Ну а то, что на службе стал больше проводить время, так тут все объяснимо, тут ничего не попишешь: обстановка! И похоже, Анну не особенно тревожило его отсутствие. Еще ни разу после отъезда сына не попросила она, как делала частенько прежде, поспешить на вкусный ужин, расхваливая необычность приготовленного.
Слово, однако же, сказано, и Богусловский вызвал машину. А когда ехал домой, думал еще и о том, каким для него нелегким станет это неожиданно возникшее гостевание. В газету не уткнешься, когда невмоготу. Весь вечер предстояло ему источать благодушие и довольство жизнью. Даже о сыне говорить с гордостью, хотя с поступком его он и по сей день не был согласен. В душе он лелеял мечту, что сын продолжит семейные традиции. Владлен один продолжатель рода, а значит, и дела Богусловских. Один. Что избрал он ратную стезю — это хорошо. И что на фронт рвется, тоже патриотично. Только ведь в пограничных войсках не в куклы играют, не в оловянных солдатиков, и пограничное училище было бы, по мнению Михаила Семеоновича, нисколько не хуже зенитного.
Машина остановилась, а Богусловский все еще продолжал жить своими трудными мыслями и не открыл привычно дверку, не сказал шоферу свое обычное: «Спасибо», он даже не поднял склоненной головы.
Шофер не очень-то удивился необычности поведения начальника штаба, не пытался хоть как-то понять его, он сделал для себя однозначный вывод: устает человек — и жалел его. Сидел поэтому, стараясь даже дышать потише. Пусть подремлет спокойно. И только когда прошло минут пять, тронул за плечо:
— Анна Павлантьевна скажут, что это так долго машина стоит? Обеспокоятся…
— Да-да, — встрепенулся Богусловский, будто и впрямь отключила его от мира грешного усталость. — Да-да. Спасибо. Поезжай в гараж.
Нехотя вылез из машины и без желания стал подниматься на крыльцо.

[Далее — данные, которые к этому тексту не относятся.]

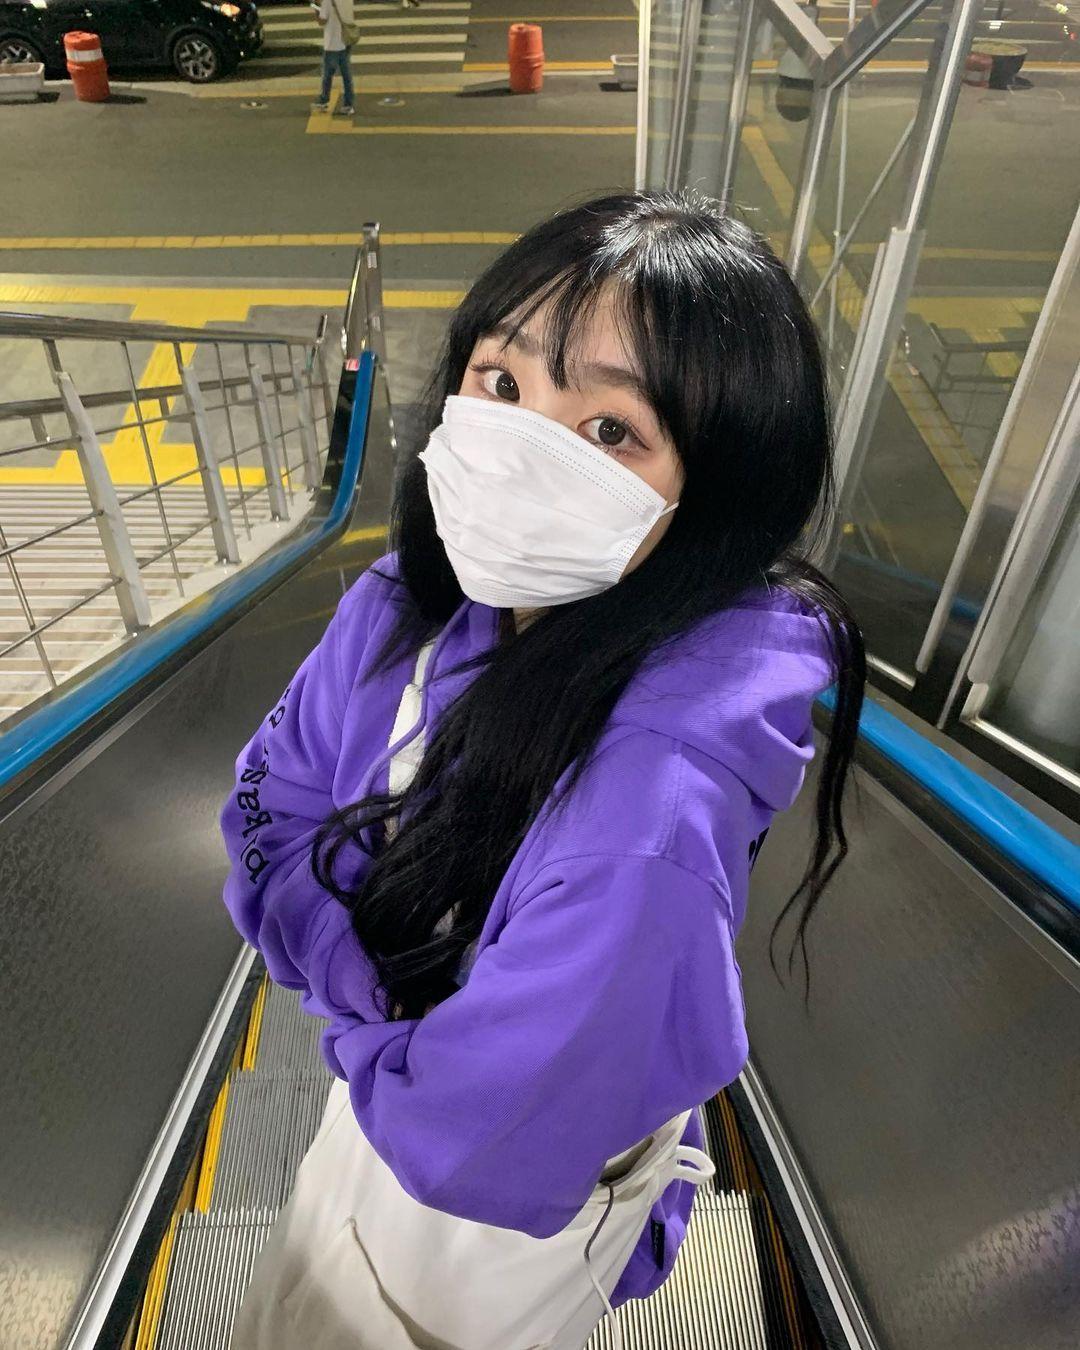 韩国正妹sejinming外套一脱蹦出惊人ru量 养眼图片 第1张

Все, что произошло дальше, и обрадовало его, и вместе с тем еще сильнее укрепило обиду, от которой он больше никогда не избавится, но о которой будет знать только он один. Отношения с Анной вернутся в прежнюю колею, совершенно привычную для них и вполне их устраивавшую. Он только хотел позвонить, но дверь отворилась: в прихожей стояла Анна, ласково-радостная. Поцеловала его, как делала это всегда прежде, и принялась расстегивать портупею. Но Михаил видел, что не возвращение его неурочное радует ее, а что-то иное, пока еще от него сокрытое. Он едва не спросил: «Что произошло?» — но сменил вопрос:
— Ну как тут без меня? Скучала?
— Скучала. Потом письмо от Владика принесли. — Вздрогнул голос невольно, хоть едва заметно, но иным стал, более душевным. — У него хорошо все. Обязательства они приняли. Да ты сам прочтешь…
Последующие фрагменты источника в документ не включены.